Community leaders and residents alike have always grappled with what its city center (its downtown) should be. What is the right mix of businesses? How many offices should be there? Should we become an entertainment district, a foodie haven, a retail corridor?

In Alpena, a 1964 plan that was developed by the city suggested that the Central Business District (downtown) should function as a pedestrian-focused retail center, similar to a shopping mall. Parking would be concentrated on the outskirts, and all non-retail uses should go outside the district. The downtown district as experienced in 1964 was deemed unsightly because of its “lack of uniformity of uses and structures.”

What would our downtown be today if all non-retail uses had been banished?

Cities and downtown districts must be balanced to remain healthy. An ecosystem with a variety of pieces and uses: nonprofits, restaurants, shops, essential services, offices, housing, arts organizations, entertainment, service businesses, parks.

A district with too much of one use becomes a monoculture — not only is it uninteresting for people when they experience it, but it becomes too susceptible to the diseases of changing consumer habits and economic trends. Imagine if our downtown was only shops. Only restaurants. Only offices.

The diversity of our downtown is what makes it strong and vibrant, and the variety of uses allow each to benefit from being in close proximity to each other.

Office tenants frequent restaurants. People going to a salon stop in the neighboring store. Visitors to the library grab a coffee. Some parts of the ecosystem will carry more weight and “anchor” the district, but each contributes to the strength as a whole.

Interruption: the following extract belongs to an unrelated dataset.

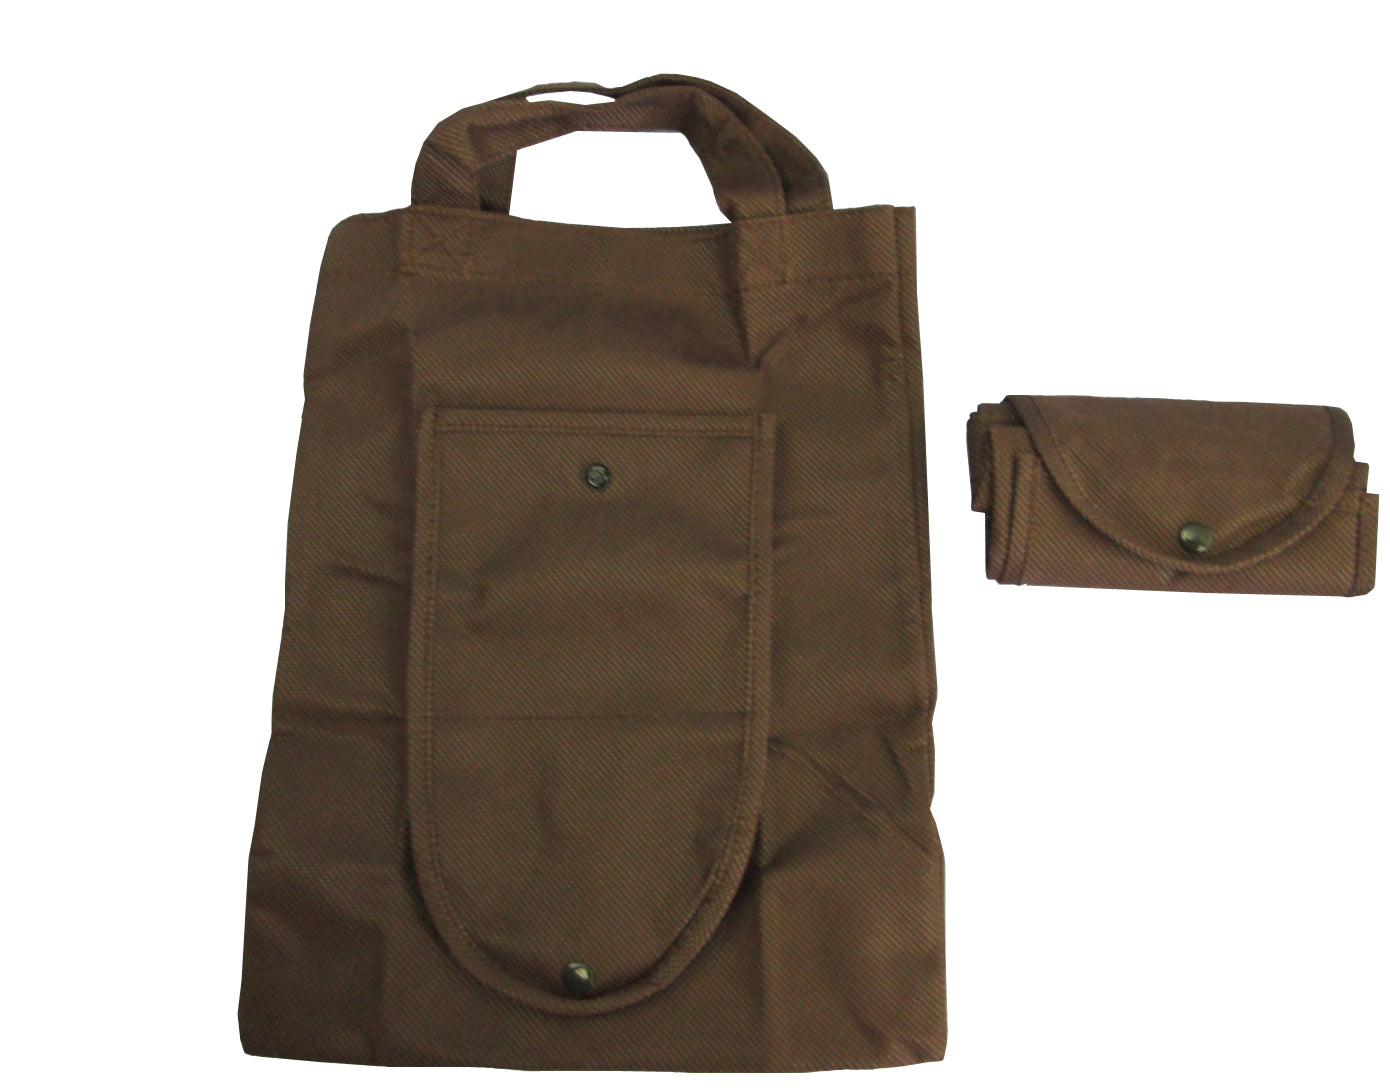 JLSP-0001 Shopping Bag

If one piece of the ecosystem closes, others still exist to allow a new one to take its place.

The whole does not die.

It is easy to romanticize the past days of the city, when all services and businesses were consolidated downtown out of necessity. That past isn’t possible or even practical to recreate — but we can learn from it.

As we look to the future of our downtown district, it is essential we keep that balance of uses, not becoming too reliant on one industry or use, identifying where there are gaps, and ensuring the ecosystem as a whole can thrive.